WHAT TO DO:
Write out the listing below exactly, and omit any images you find in it.

SUPPLIED INFORMATION:
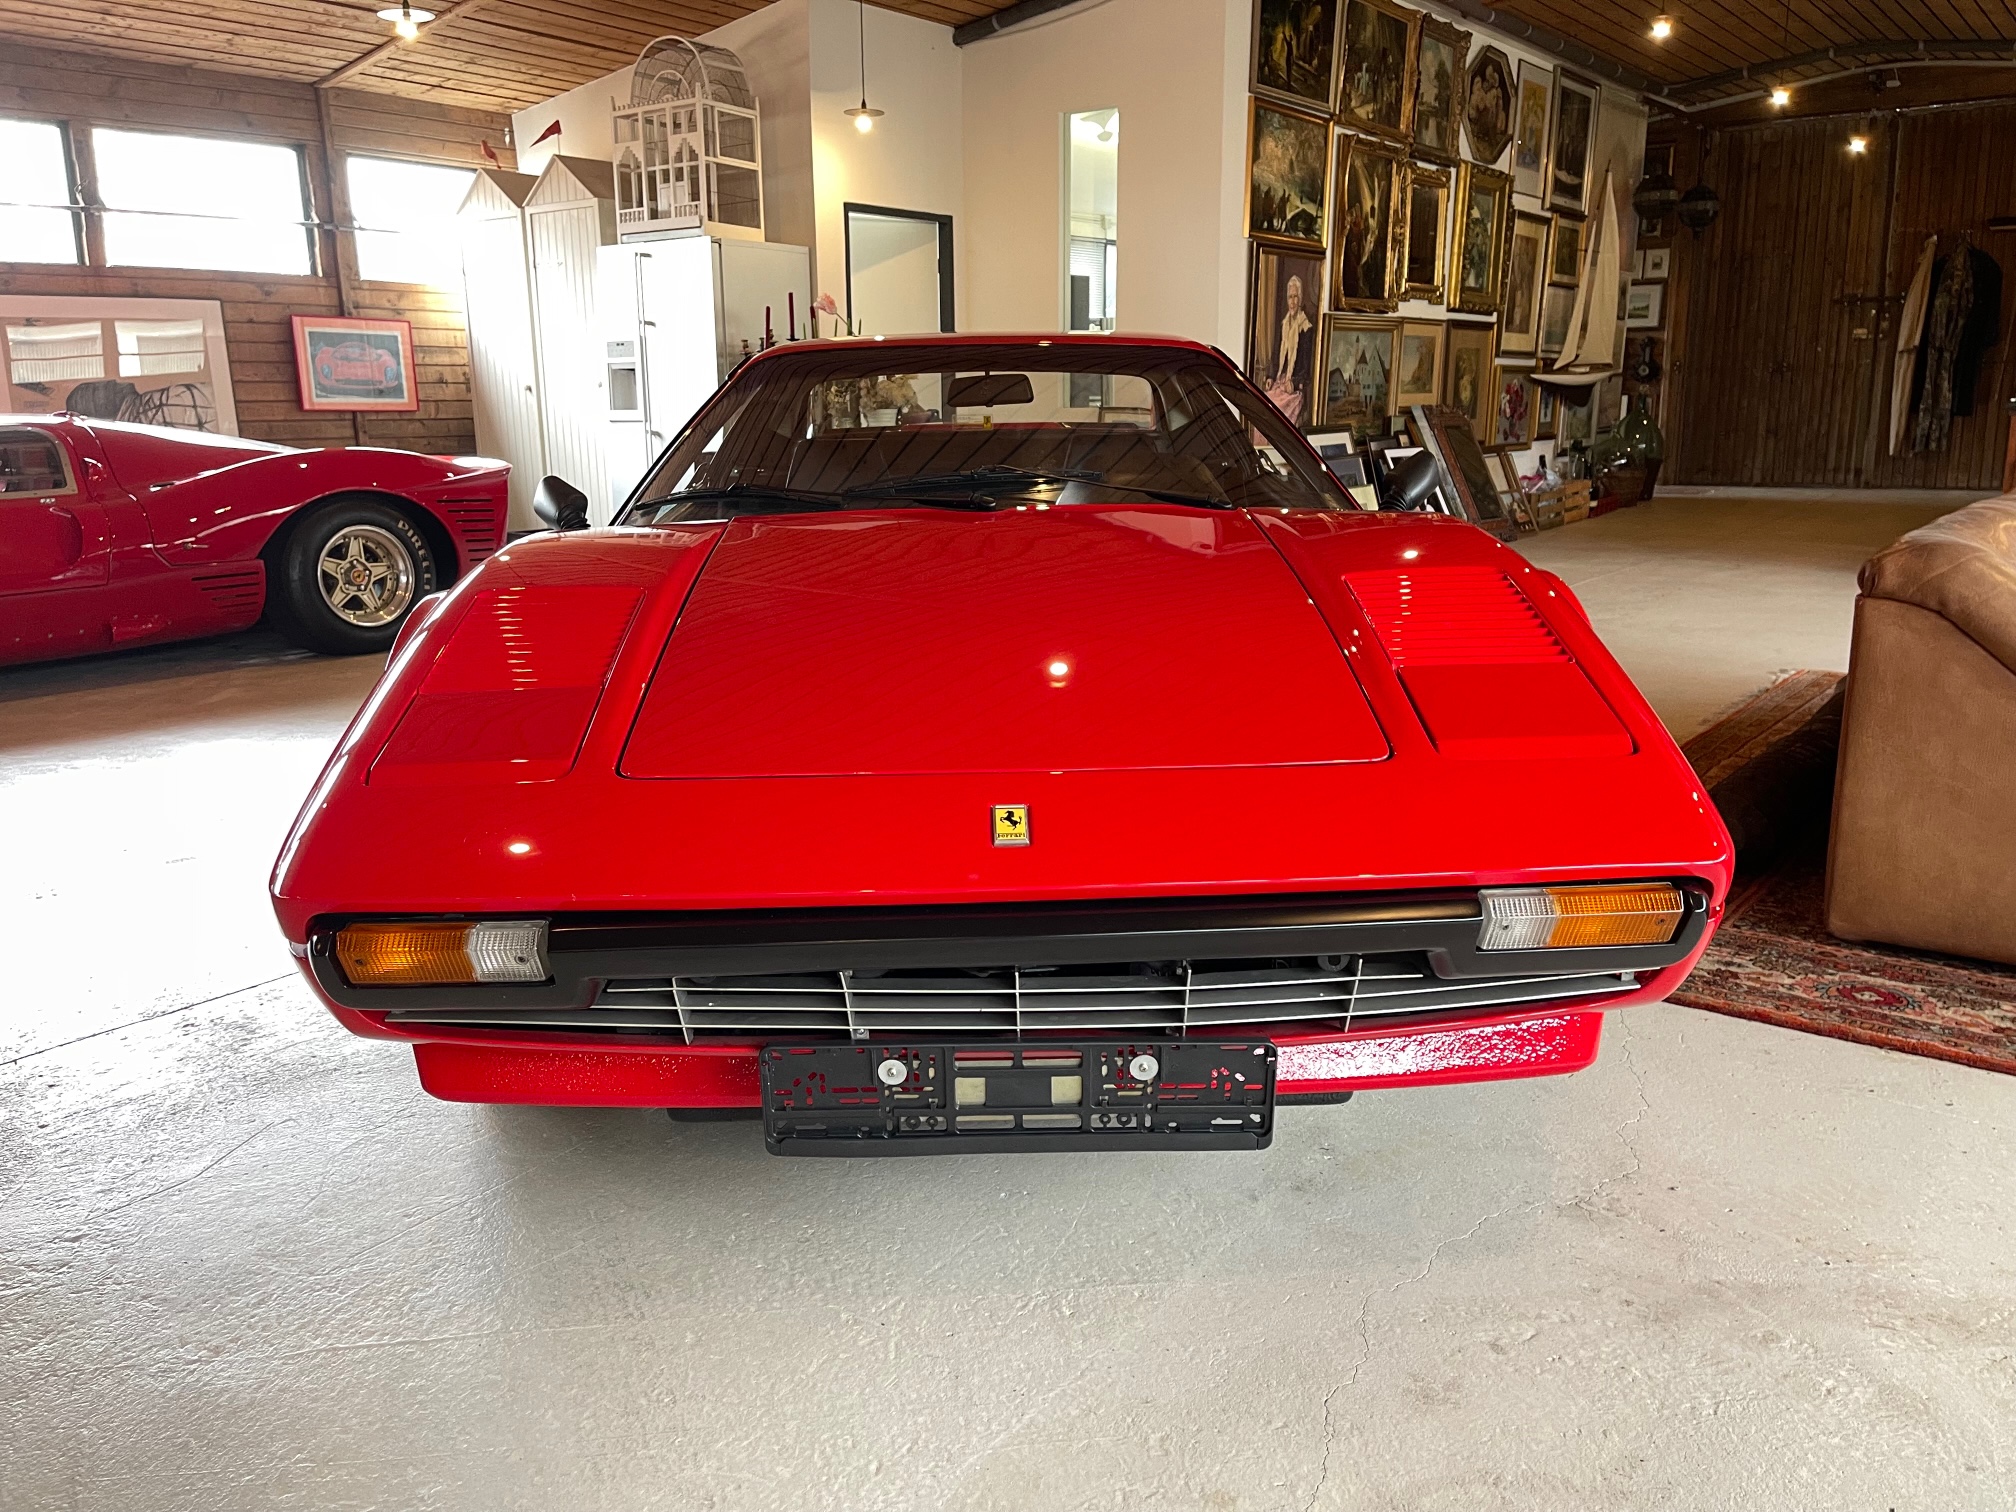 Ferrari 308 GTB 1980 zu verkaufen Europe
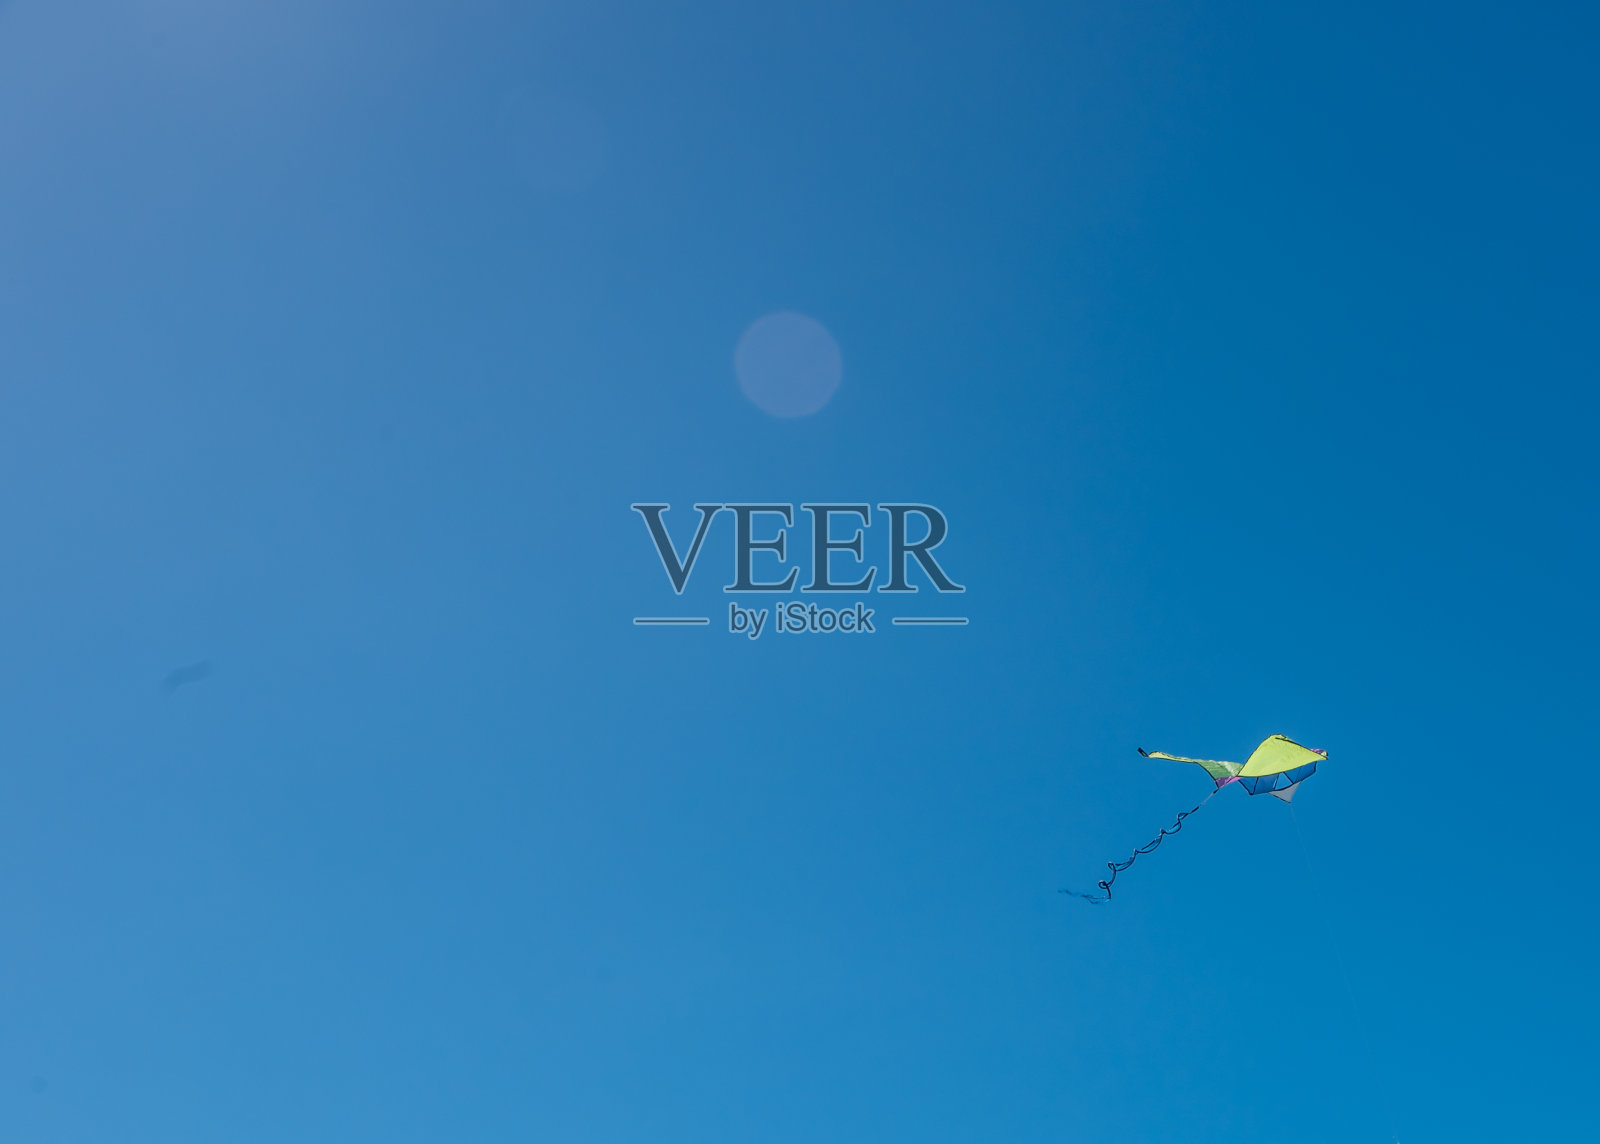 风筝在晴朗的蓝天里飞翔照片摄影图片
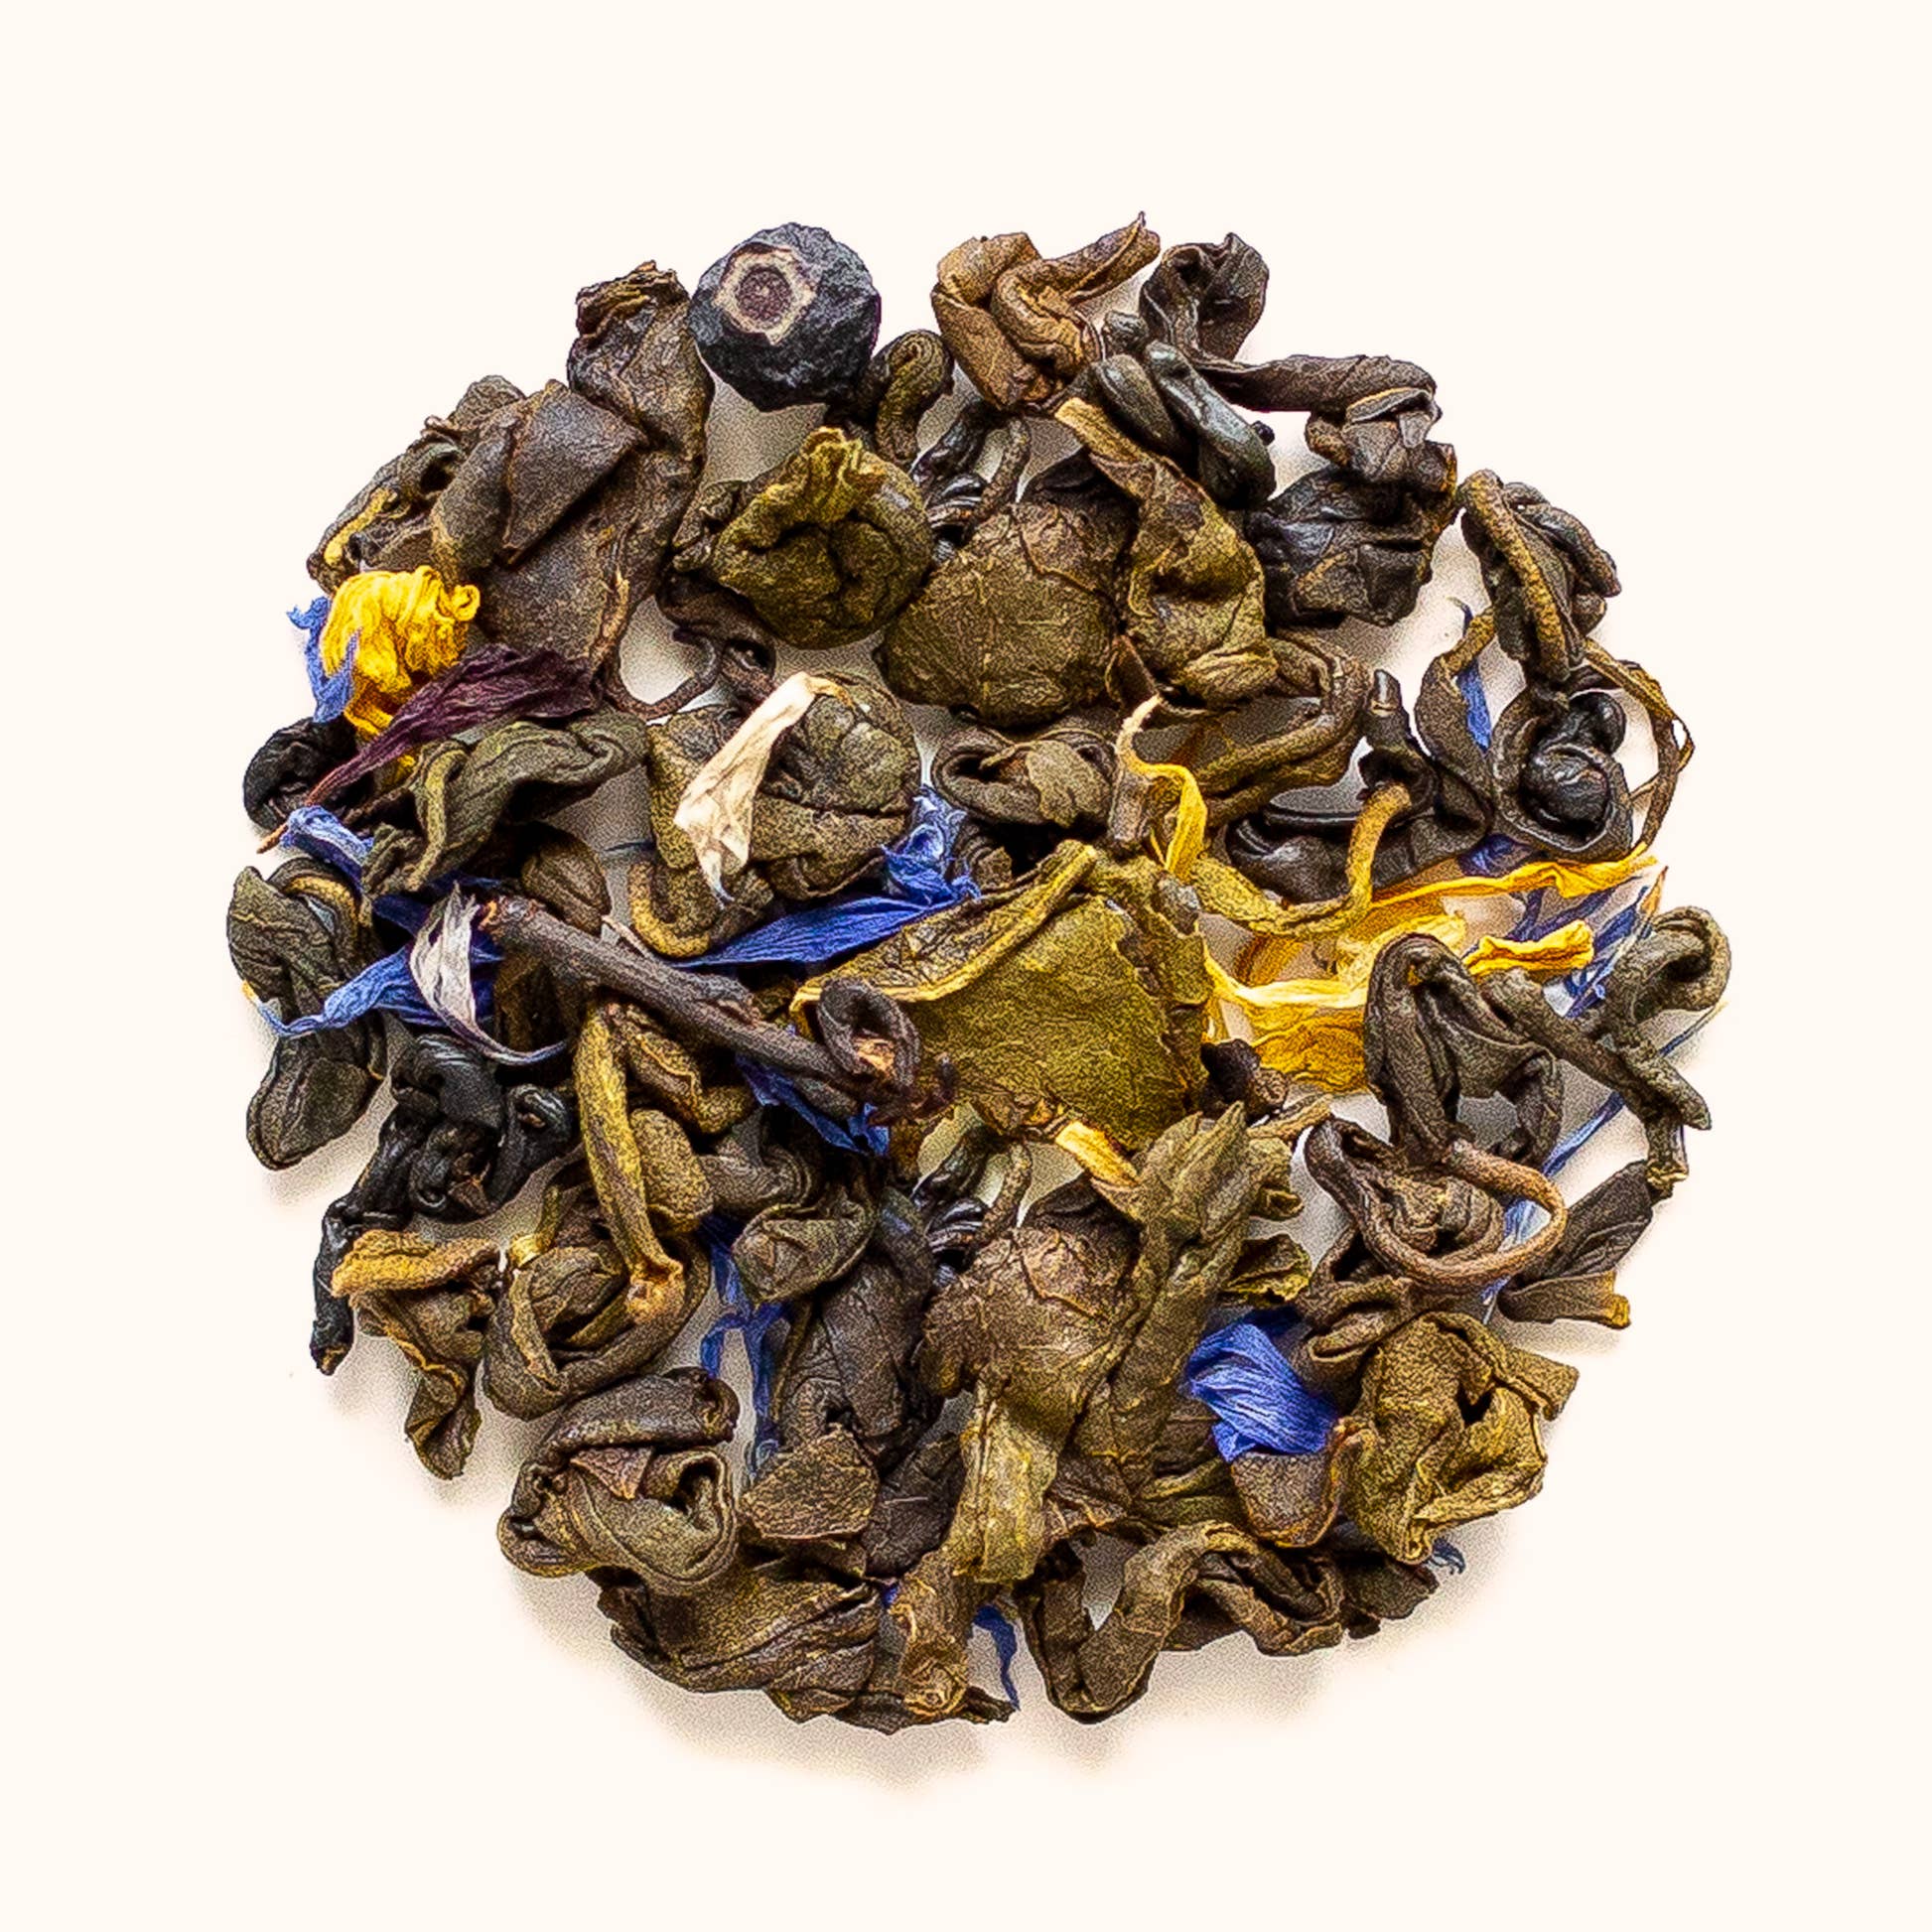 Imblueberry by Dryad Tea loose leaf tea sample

ANSWER TO THE PROBLEM:
 Ferrari 308 GTB 1980 zu verkaufen Europe
 风筝在晴朗的蓝天里飞翔照片摄影图片
 Imblueberry by Dryad Tea loose leaf tea sample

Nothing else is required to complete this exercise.